* _Data supplied_:
- - - -

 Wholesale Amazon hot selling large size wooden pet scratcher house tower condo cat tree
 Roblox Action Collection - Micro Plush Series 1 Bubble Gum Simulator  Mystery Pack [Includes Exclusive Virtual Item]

- - - -

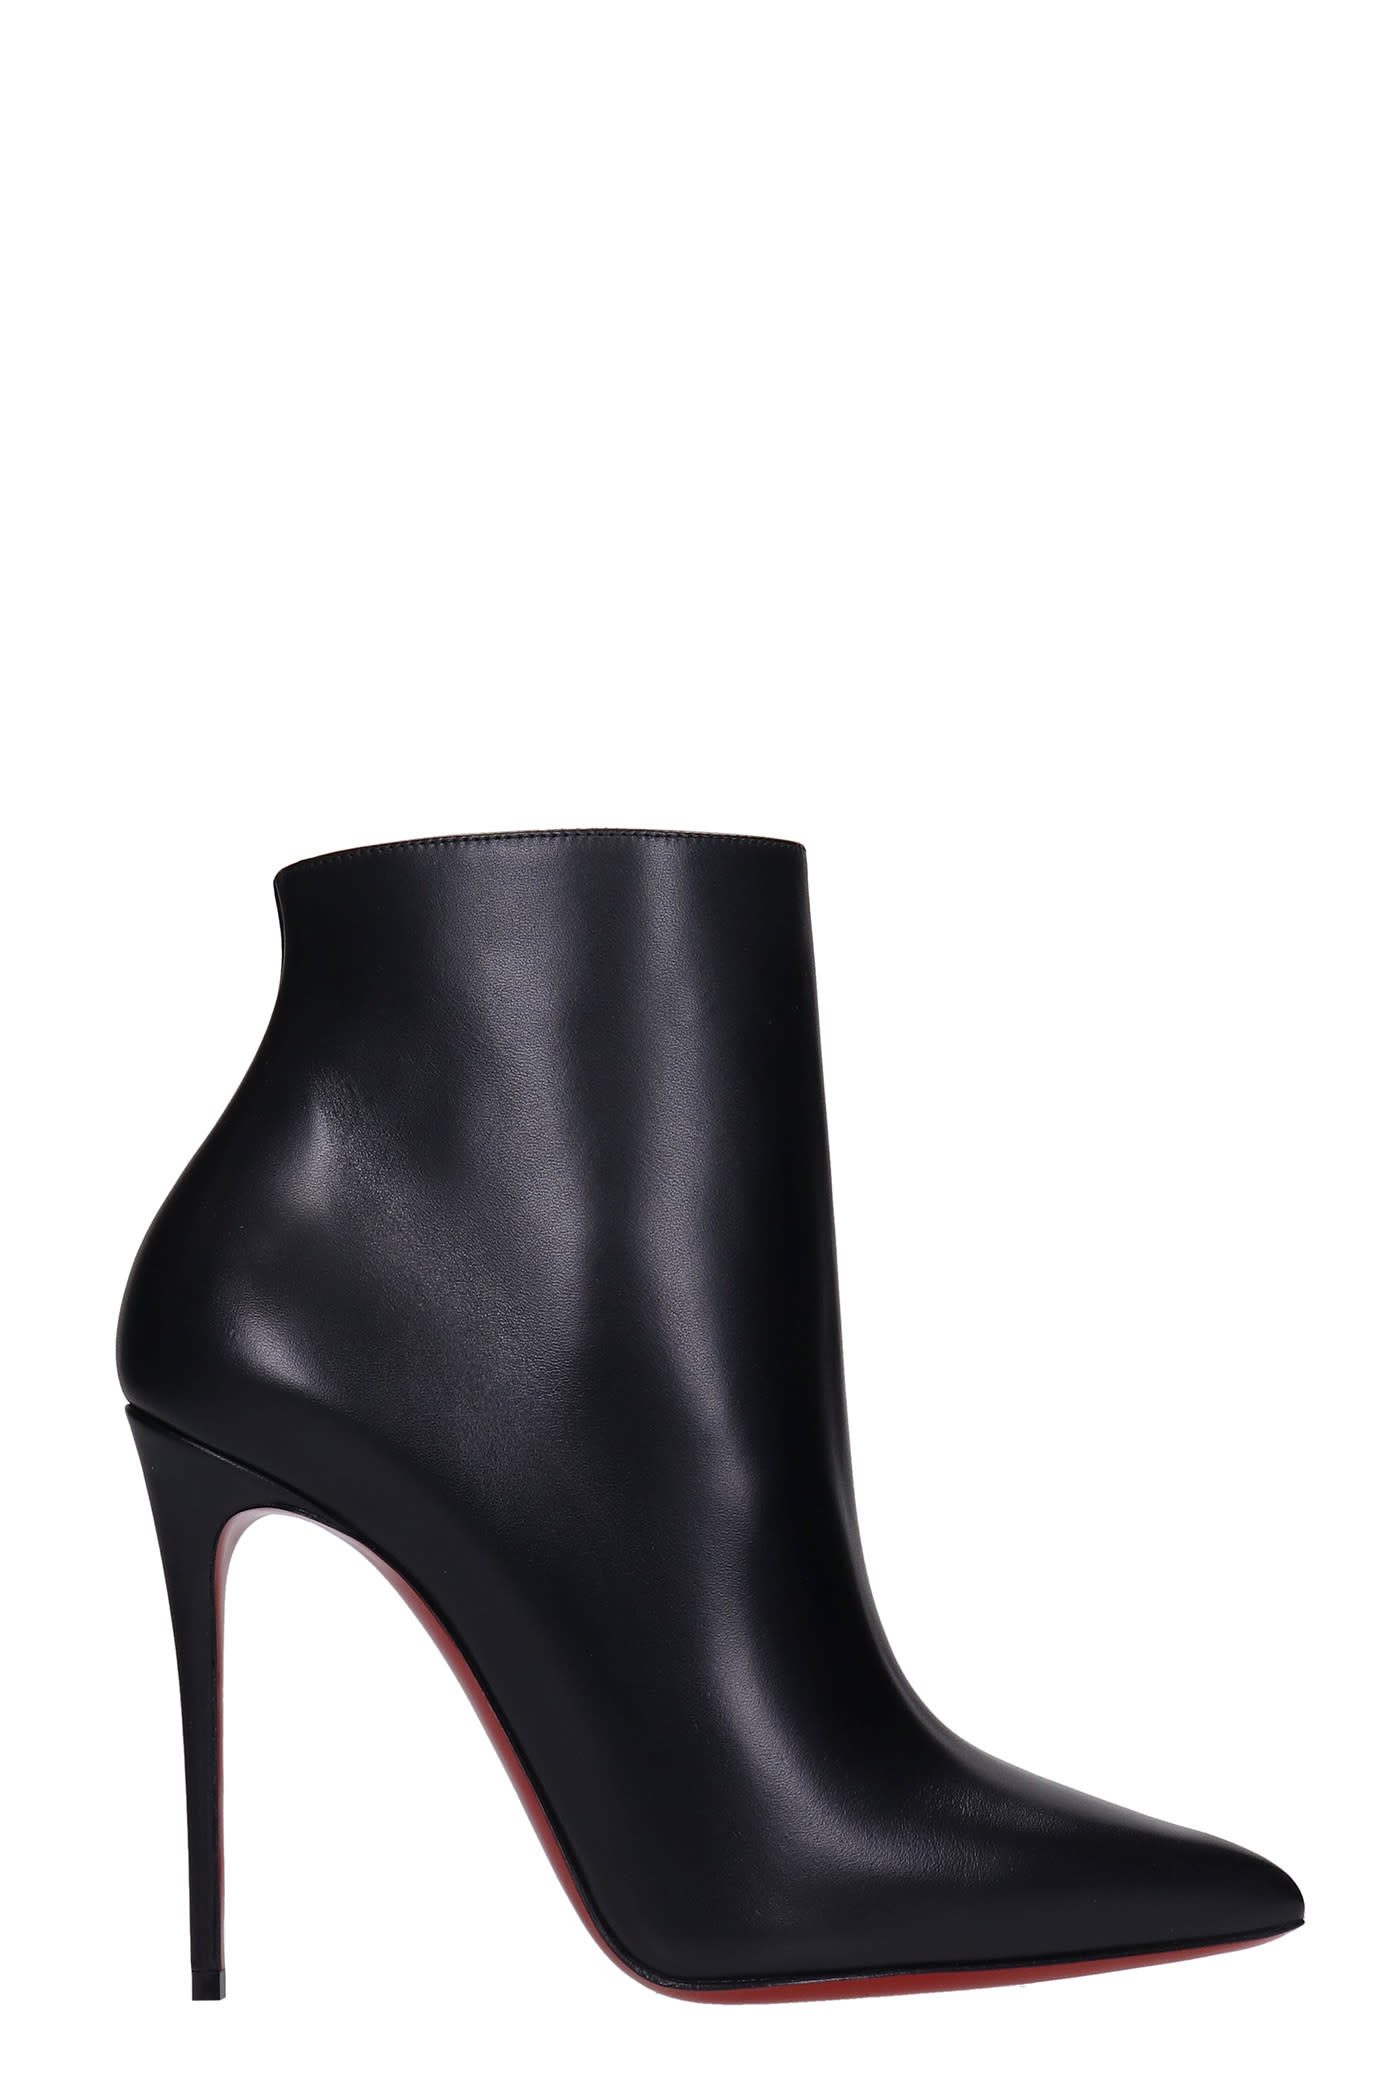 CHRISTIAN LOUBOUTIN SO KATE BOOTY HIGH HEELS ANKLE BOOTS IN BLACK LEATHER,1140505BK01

- - - -

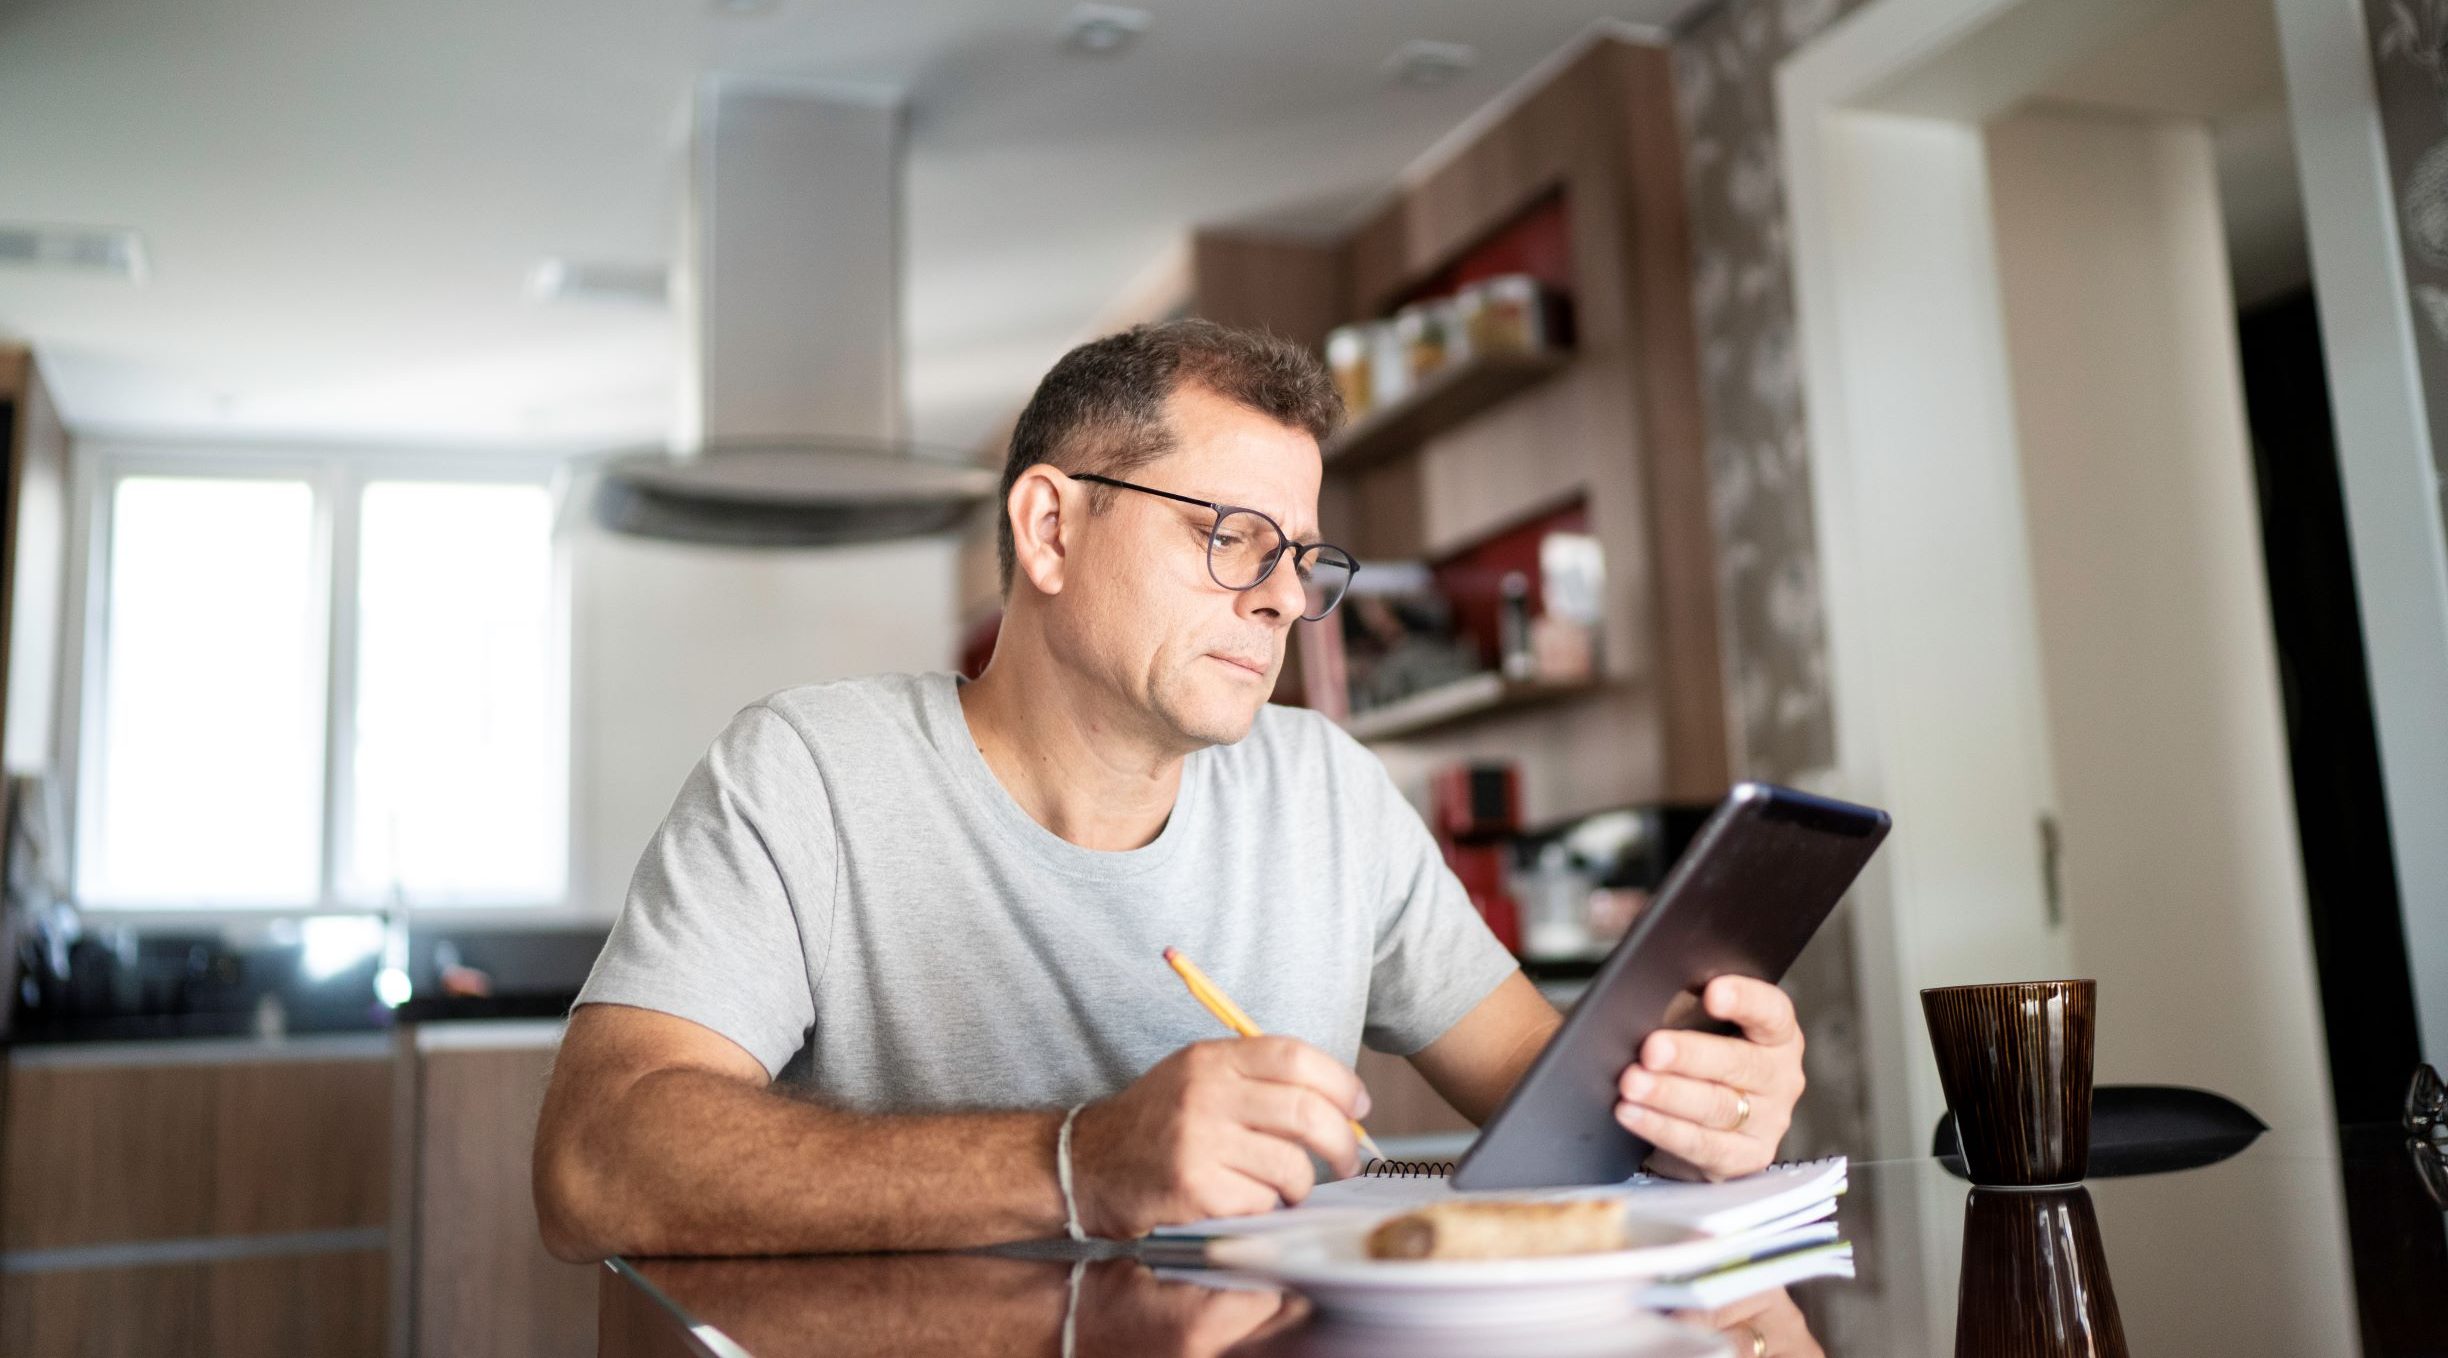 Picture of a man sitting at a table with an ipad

- - - -

* _Description of the task_: Once you find the line with "Wholesale Amazon hot" above, print it and every line after it up to and including the line with "Roblox Action Collection", exactly as written and nothing else.

* _Solution to this exercise_:
 Wholesale Amazon hot selling large size wooden pet scratcher house tower condo cat tree
 Roblox Action Collection - Micro Plush Series 1 Bubble Gum Simulator  Mystery Pack [Includes Exclusive Virtual Item]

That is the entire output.